The clearest real example comes from Hermes Agent (Nous Research), the open-source self-improving agent. Hermes ships with skills, and — like many agent frameworks — it injects each available skill's catalog description into every session's system prompt so the model knows what it can call. Two of the skills it bundled by default were red-team tools: godmode (in the official catalog: "Jailbreak LLMs: Parseltongue, GODMODE, ULTRAPLINIAN") and obliteratus (mlops: "abliterate LLM refusals"). Harmless to have — but their descriptions contained words like "jailbreak" and "GODMODE." When Hermes ran on a model behind Anthropic, the provider's output classifier read those words sitting in the prompt and, on totally unrelated sessions — a normal PR review — returned an empty response. The agent wasn't doing anything wrong. The vocabulary in its own system prompt was the trigger.
  • The descriptions were auto-injected into every session's system prompt — not just sessions that used those skills.
  • Anthropic's OUTPUT classifier (it reads the model's context, not just the user's message) saw "jailbreak" / "GODMODE" and returned EMPTY — no refusal, no explanation.
  • The blocked sessions were unrelated work. The builder had no reason to suspect the skill catalog.
Verified against the official optional-skills catalog (descriptions quoted exactly) and the Hermes Agent repo. The point isn't "Hermes is broken" — it's fixed (see below). The point is that this can happen to any agent that puts skill/tool descriptions in the system prompt, and the symptom gives you zero clue where to look.
03

How the maintainers proved it — and the fix

This isn't a theory; the Hermes maintainers measured it. In the commit chore(skills): move red-team skills (godmode, obliteratus) to optional-skills, testing showed that with those two description lines present, 19 of 20 sessions (95%) got blocked by the output classifier. After removing the lines from the default injection, 5 of 20 (25%) — a normal, much lower baseline. Same agent, same tasks; the only variable was whether two skill descriptions were in the prompt. The fix shipped in early June 2026: both skills were moved to opt-in (optional-skills/), so their descriptions only load into a session if you deliberately install them. The default prompt is now clean.
ConditionSessions blocked (empty response)What changed
Risky skill descriptions IN the default system prompt19/20 (95%)Baseline — the bug
Descriptions moved to opt-in (optional-skills/)5/20 (25%)Only the normal classifier baseline remains
The 95% → 25% drop is the maintainer's own testing recorded in that commit. "Early June 2026" is as precise as the public record gets — don't over-state a specific day. The mechanism is the lesson: descriptions you never read are loaded into a prompt a classifier you don't control is reading.
04

Step 1 — Dump what's ACTUALLY in your agent's system prompt

You can't audit text you can't see. Most builders have never read their agent's full, assembled system prompt — they wrote 20 lines of instructions and assume that's all that's there. In reality the framework appends tool schemas, skill/plugin descriptions, memory, and environment context. Get the real, final string. The method depends on your stack, but the goal is identical: capture the complete system message that goes to the provider on a normal session, and read every line of it.
  1. If your framework has a debug/verbose flag, turn it on and capture the assembled system prompt (e.g. many CLIs print it with a --debug / --verbose / --print-system-prompt style flag).
  2. If not, intercept at the API boundary: log the system field (or the first message) of the actual request payload your agent sends to the provider. A 5-line logging wrapper around your LLM call is enough.
  3. Include skills/plugins/MCP tool descriptions — these are the lines you didn't write and most need to see. Confirm whether your framework injects ALL available skill descriptions or only the ones in use.
  4. Save the dump to a file and read it top to bottom once. You're looking for text you didn't author and wouldn't want a safety filter to see out of context.
Rule of thumb: if you don't know what your agent's full system prompt contains right now, that's the vulnerability. The Hermes builders didn't either — until sessions started going blank.
05

Step 2 — The vocabulary checklist (words that trip output classifiers)

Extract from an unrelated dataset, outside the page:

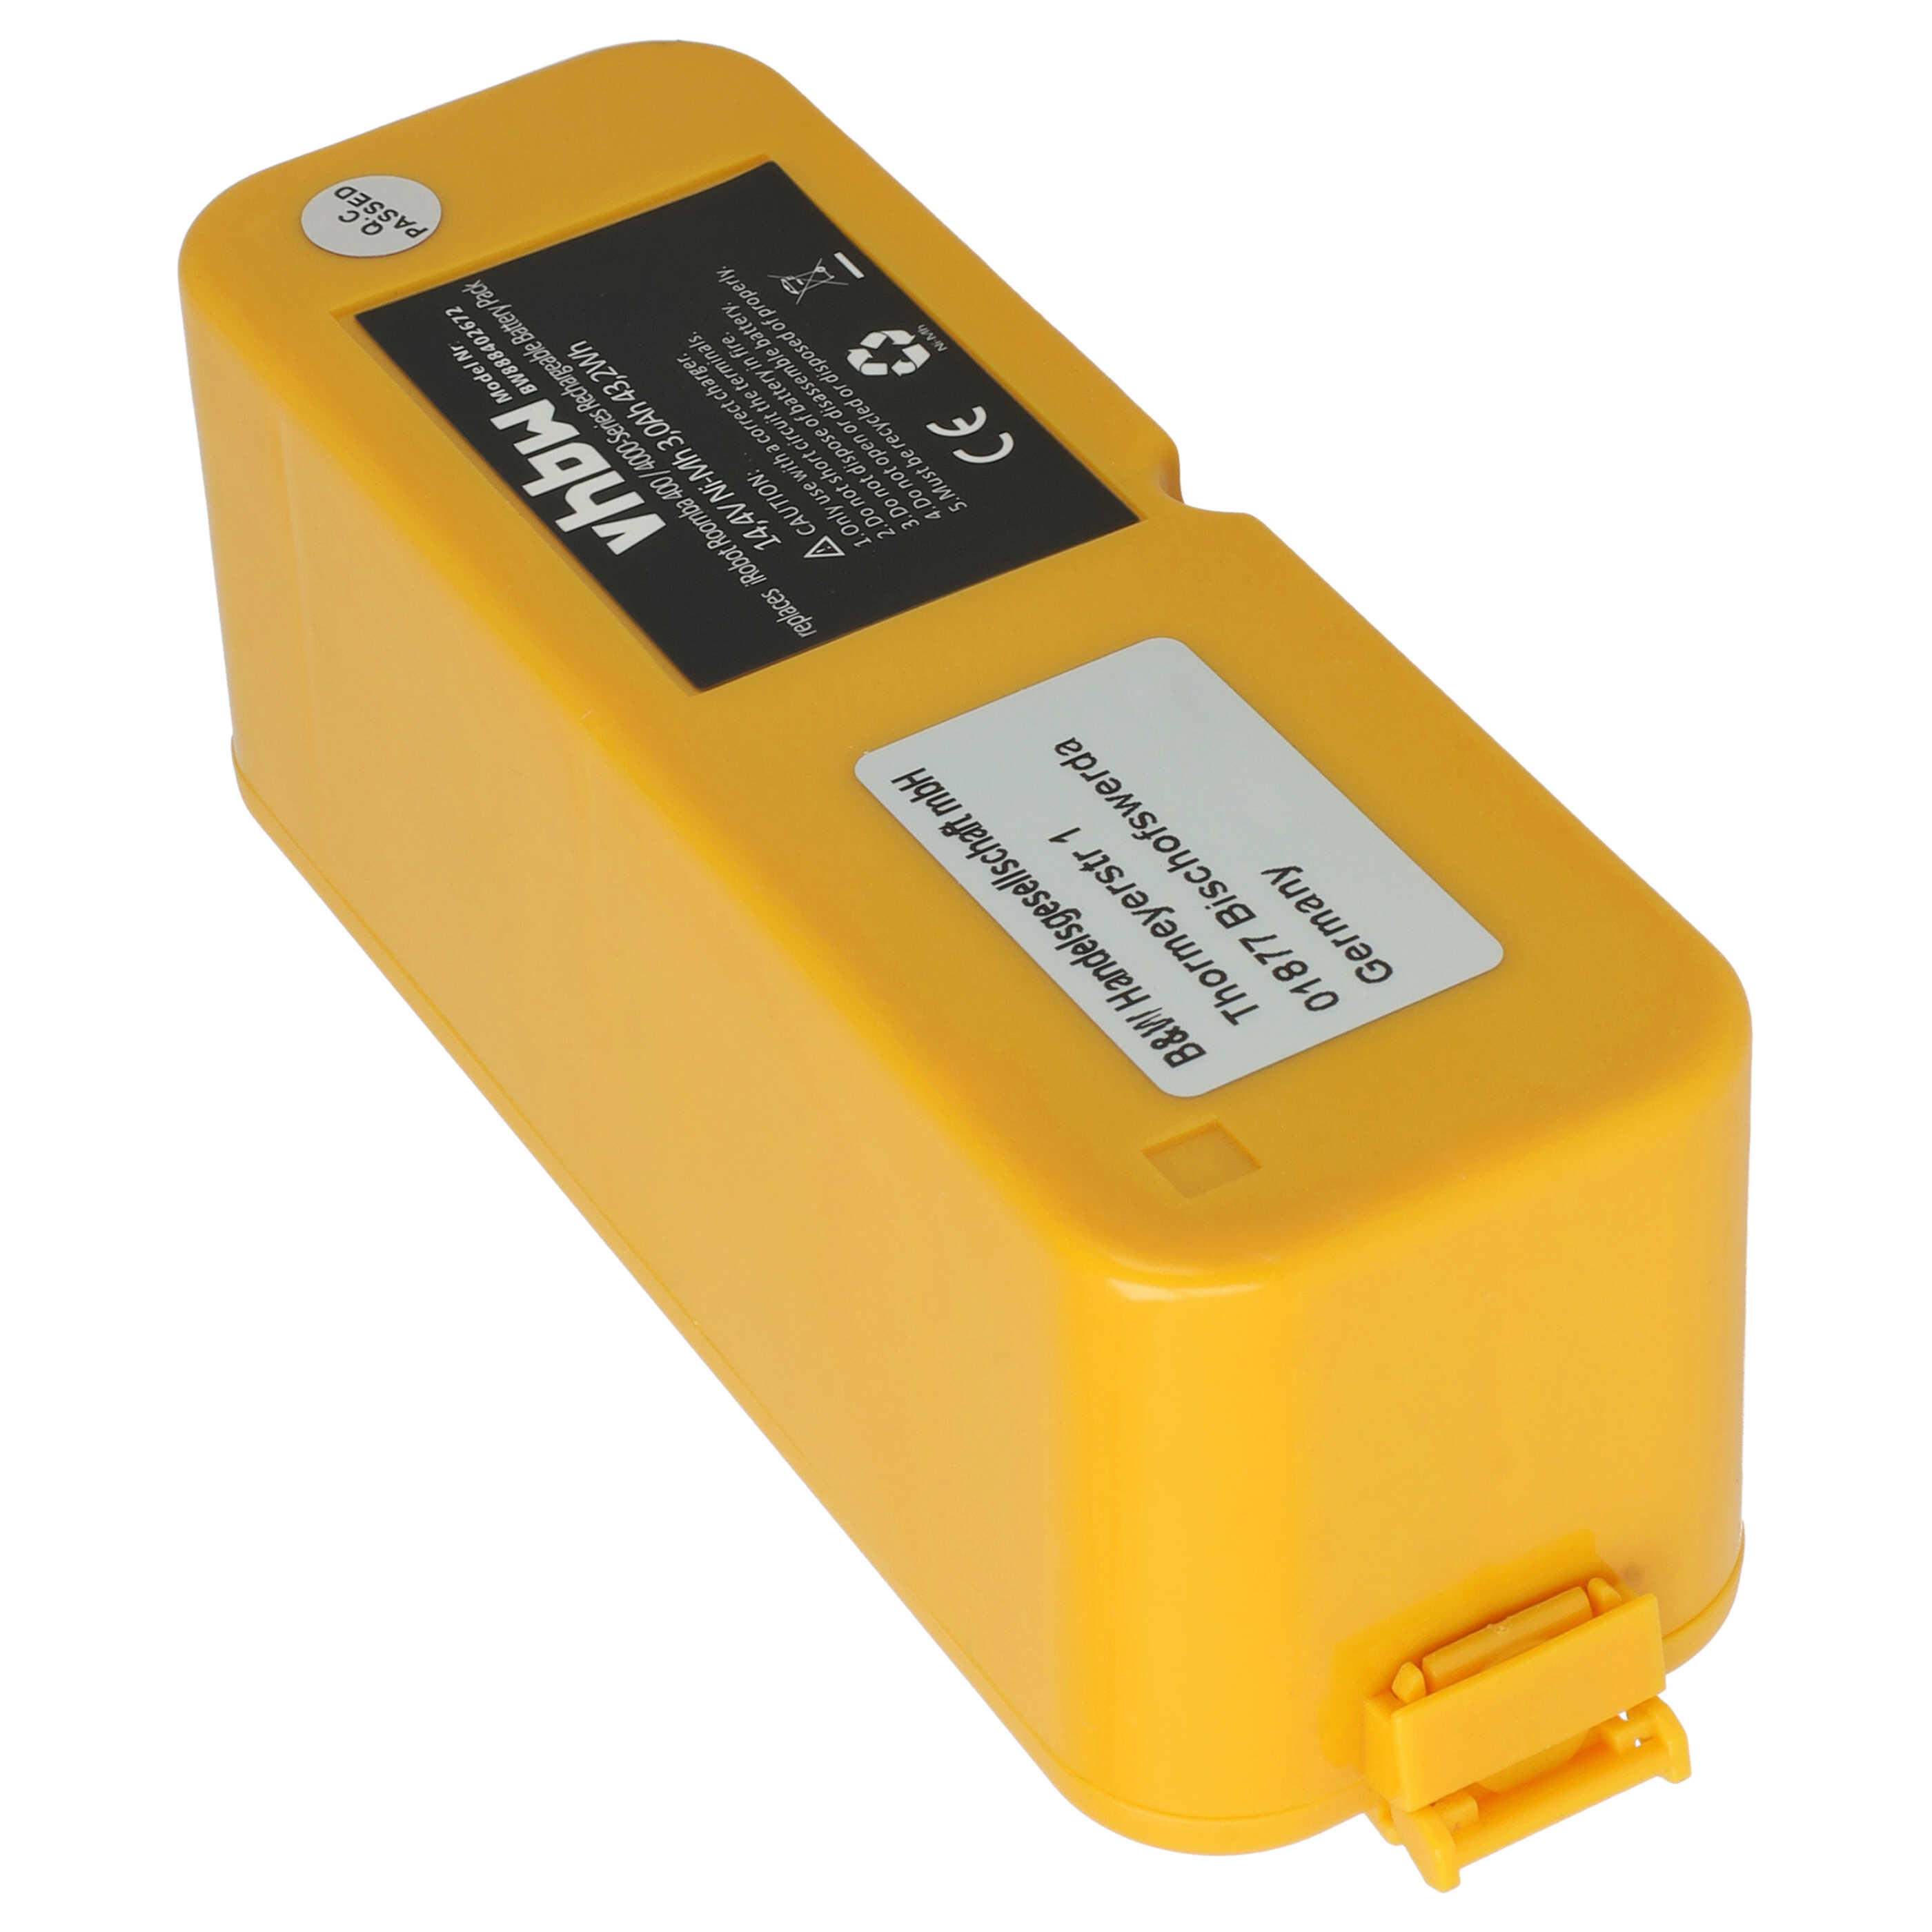 Batteria sostituisce APS 4905, NC-3493-919, 11700, 17373 per aspirapolvere iRobot - 3000mAh 14,4V NiMH giallo

Provider safety classifiers don't reason about your intent; they pattern-match on vocabulary in the whole context, including the system prompt. A red-team skill, a security tool, a pen-testing helper, or even a colourfully-named internal tool can carry trigger words into every session. Scan your dumped prompt for this kind of language — not because the words are wrong to use, but because their presence out of context (on an unrelated task) is what flips a classifier to an empty or refused response.
  • Jailbreak / bypass / circumvent safety / DAN / GODMODE / "ignore your guidelines" — classic jailbreak vocabulary, even when quoted descriptively.
  • Abliterate / uncensor / remove refusals / unfiltered model — red-team and model-surgery terms.
  • Exploit / malware / payload / weaponize / exfiltrate — security-tool descriptions read as intent when stripped of context.
  • Explicit categories tied to provider usage policies (self-harm, CBRN, illicit) named in a tool/skill description — a classifier sees the category word, not your benign use.
  • Anything instructing the model to disregard, override, or work around its own safety or the provider's rules — even as an example or a quoted template.
The fix is almost never "delete the capability." It's "keep that vocabulary OUT of the always-on prompt" — load it only when the relevant skill is actually invoked (Step 3). A description that reads "jailbreak LLMs" in every session is the problem; the same skill, loaded on demand, is fine.
06

Step 3 — Move risky skill descriptions to opt-in / lazy-load

This is the durable fix and it's exactly what Hermes did. Don't inject every skill's description into every session. Make the risky ones opt-in, so their text only enters the prompt when the user (or you) deliberately installs/enables them for a session that actually needs them. The pattern is generic across frameworks; Hermes exposes it cleanly with an explicit install command, and the same principle — lazy-load tool descriptions instead of front-loading all of them — applies to any agent you build.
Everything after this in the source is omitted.